Selecting a structure for visualization and mapping
Once an alignment of a specified protein is selected, the option to select its structure for visualization and mapping becomes available. Selecting a structure is a two-step process:
- First the user selects a 3D structure available from PDBe. Structures from the PDBe are filtered by the polymer of the selected alignment. In DESIRE mode the filtering is done by connecting to riboXYZ and retrieving PDB IDs with matching rProtein nomenclature. In user upload mode the filtering is done by using the first sequence of the provided alignment to BLAST the RCSB database and retrieve highly scoring PDB IDs. In both modes the user can search the filtered PDB IDs by typing the desired PDB ID or the species name. In both modes the user is free to type in any PDB ID with length 4 and ProteoVision will try to find relevant chains from the input. For user convenience, the first three PDB ID options are never filtered and are those for the cytosolic ribosomes of E. coli (4V9D), P. furiosus (4V6U), and H. sapiens (4UG0). It is possible to encounter Eukaryotic ribosomal structures even if the user has selected a bacterial protein; these structures will be non-cytoplasmic (e.g., plastid or mitochondrial).
- Once a PDB ID is selected, the available chains of that structure are filtered by the polymer identity present in the selected alignment. No filtering is done when using a custom alignment and all chains of the structure are available. The user can select one chain which will load the topology and MolStar viewers.
Creating a structure-alignment mapping
To ensure the match between the selected MSA and the sequence from a selected structure and to properly visualize the data, we compute an alignment between the sequences of the structure and the alignment. This is done internally on the server using the mafft program with the –addfull option (Katoh; 10.1093/molbev/mst010 and it does not require any action from the user. However, if the structural sequence has extra positions compared to the alignment, ProteoVision displays an error message located between the alignment and 2D/3D viewers. The message warns the user how many positions failed to map properly.

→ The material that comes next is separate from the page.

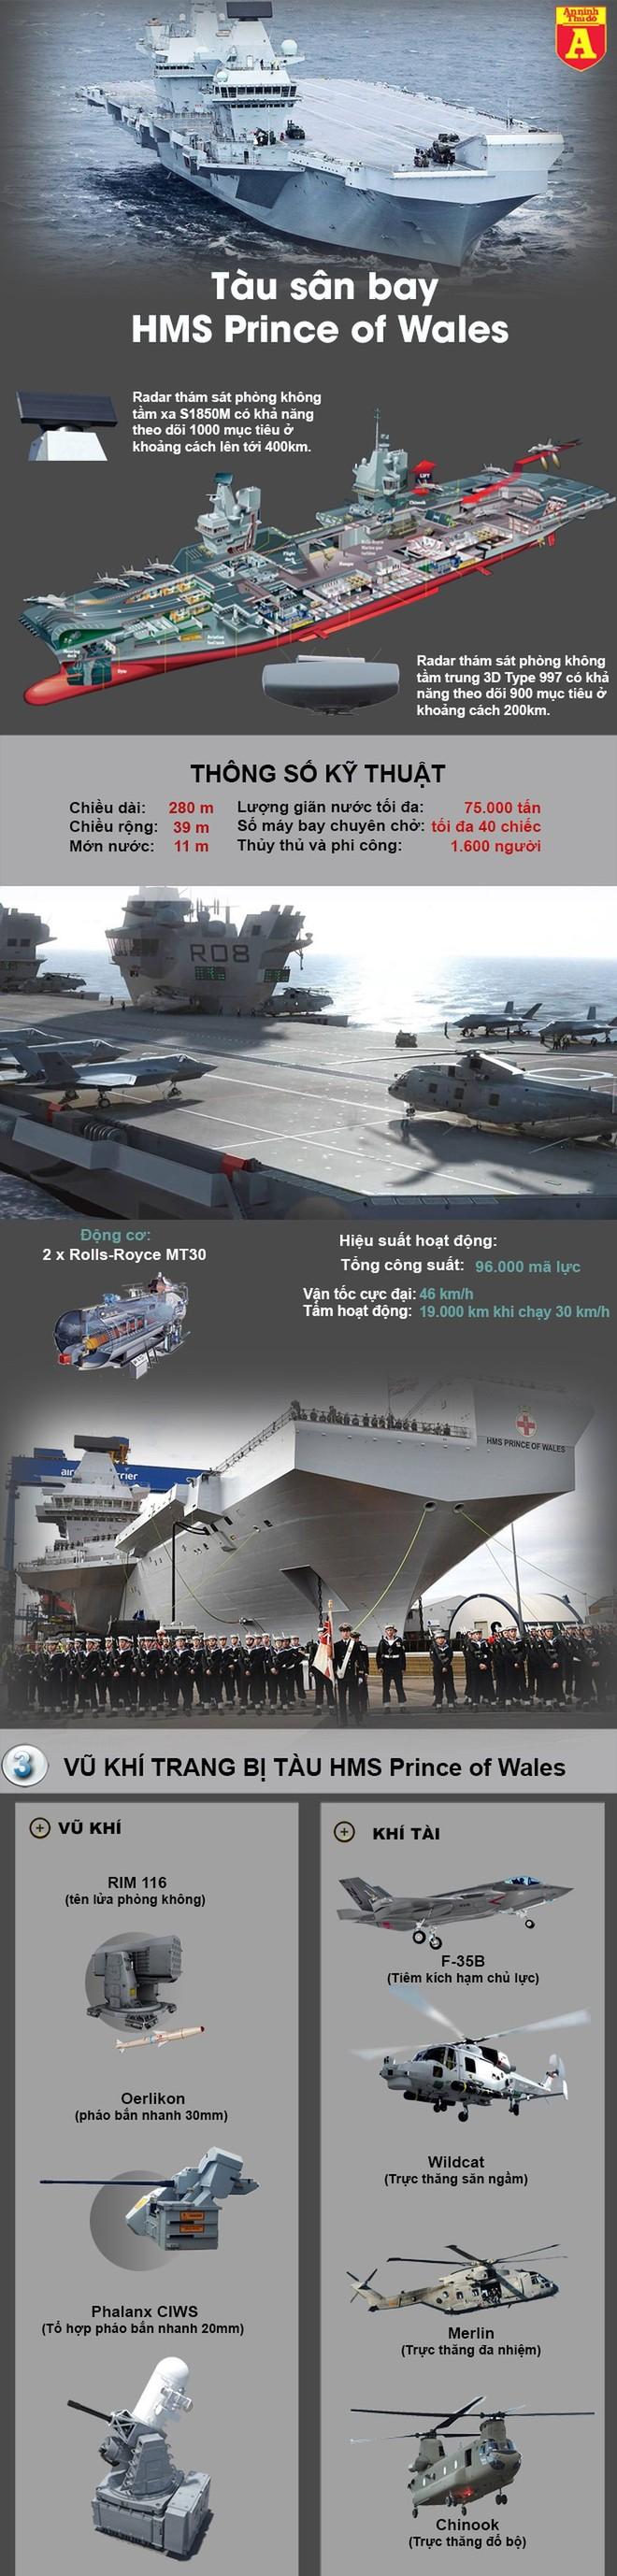 [Info] Tại sao Trung Quốc coi thường siêu tàu sân bay Anh ảnh 2

Selecting attribute data to map
The user has an option to map either calculated mapping data (see Advanced features) or custom data (supplied by a user) onto the 2D and 3D viewers. Available data attributes may be selected from a dropdown menu in the lower right corner of the topology viewer. There is also an option in the sidebar to upload custom mapping data. This data should be uploaded as a .csv; an example file is provided on the ProteoVision site. Once the custom data has been uploaded, it will be added as a mapping option in the dropdown menu of the PDB topology viewer applet.